ECE and CS, University of Pittsburgh
Abstract
In this talk, I’m going to try to connect my experience working for several decades on electronic design automation (EDA, aka VLSI CAD) and analog, with the recent revolution in AI. Analog is a particularly interesting subset of the broader chips and semiconductors landscape, as it has a formidable reputation for difficulty, and reliance on “seen patterns” in circuits as one explanation for how human experts do successful design. As it turns out, combinatorial algorithms are also pretty good at doing analog design. But I’m also going to argue that the intersection of analog and AI is a fruitful one, specifically because of this “pattern dependency” angle. I’m going to use three chip designs I’ve been part of to illustrate these ideas. I’ll close with an overview of my Coursera MOOCs on VLSI CAD, which have now been operating for ten years, with 100,000+ registered students planet-wide, to talk about where we might be going next, as the world is pivoting back toward regarding chips and semiconductors as key strategic assets.
Biography
Rob A. Rutenbar is Senior Vice Chancellor for Research at the University of Pittsburgh, where he has responsibility for Pitt’s research and innovation infrastructure. He is also Distinguished Professor of CS and of ECE. From 2010 to 2017, he was Head of Computer Science at the University of Illinois at Urbana-Champaign.

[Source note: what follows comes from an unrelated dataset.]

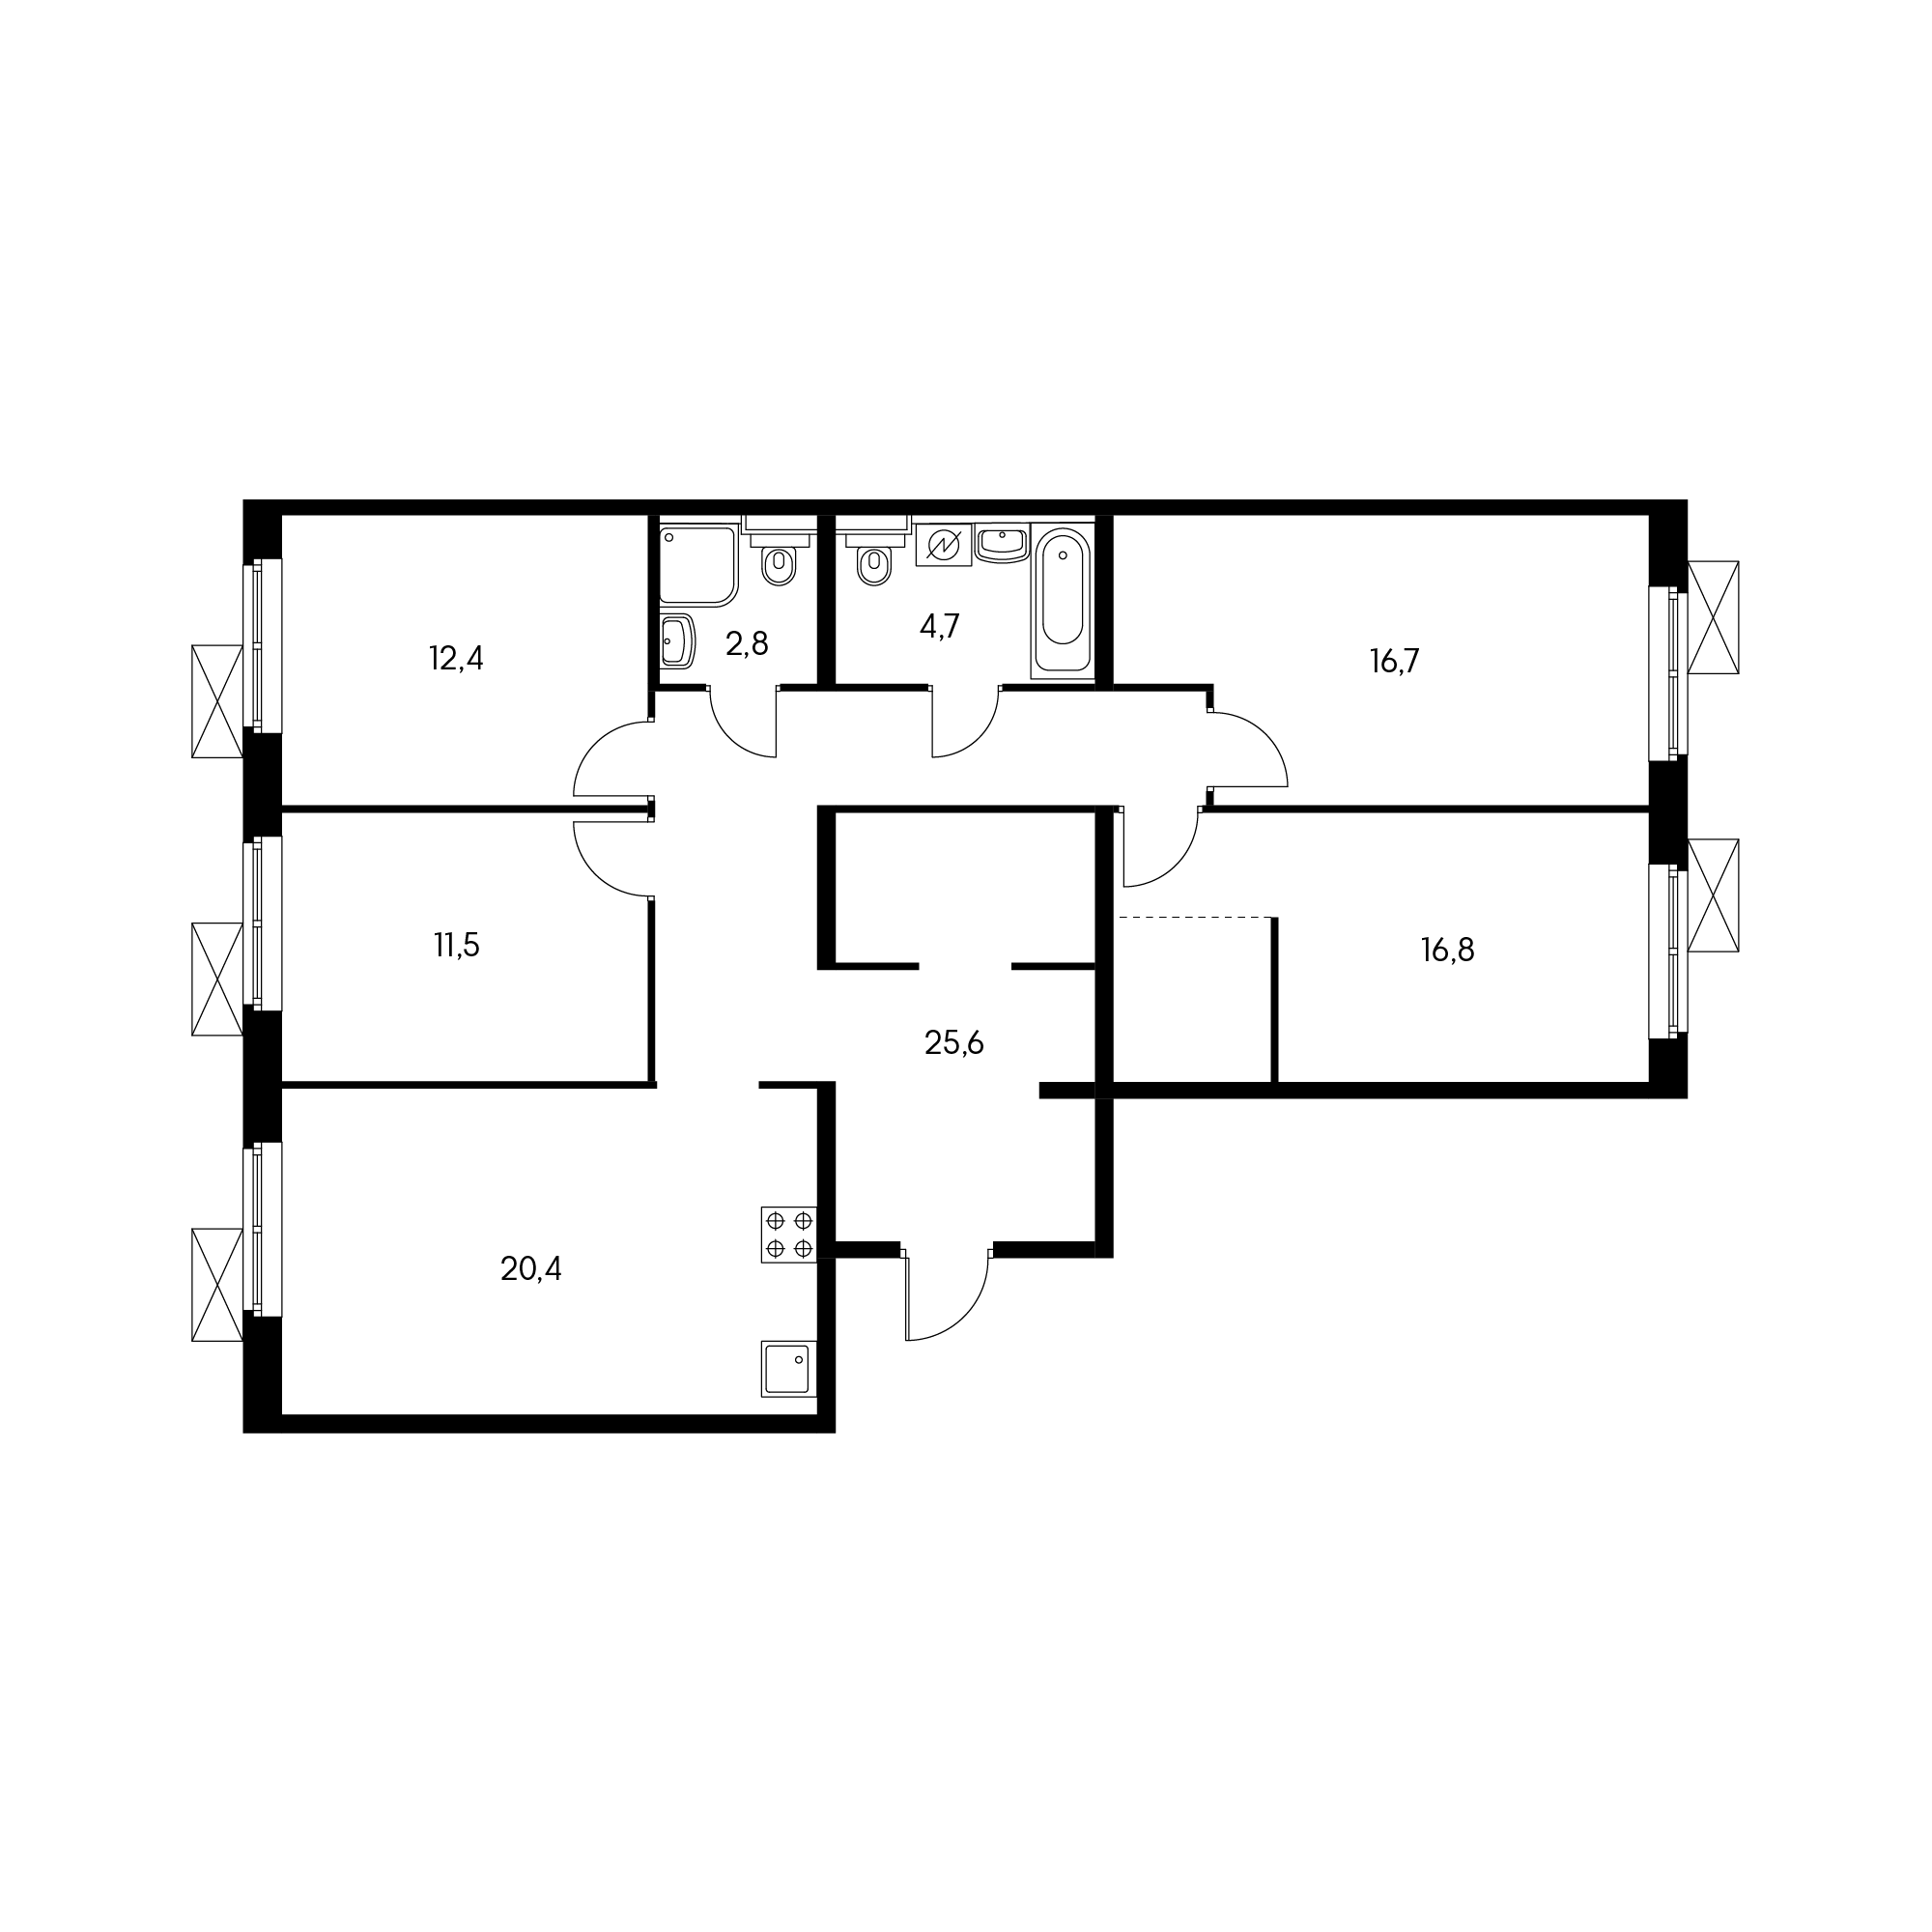 4EL6_9.9-1

He received the Ph.D. from the University of Michigan in 1984, and spent the next 25 years at Carnegie Mellon University, where he held the Jatras Chair in Engineering.
His research focuses on tools for analog integrated circuits, and hardware architectures for AI. He has founded two successful venture-backed startups: Neolinear (acquired by Cadence in 2004) and Voci Technologies (acquired by Medallia in 2020). He has received numerous awards for his work, including the 2017 Phil Kaufman Award from the EDA community and IEEE, and the 2021 ACM SIGDA Pioneering Achievement Award. He has co-chaired the CISE Advisory Committee for the National Science Foundation and served on multiple US National Academies study panels. His work has been featured in venues ranging from IEEE Spectrum to the Economist.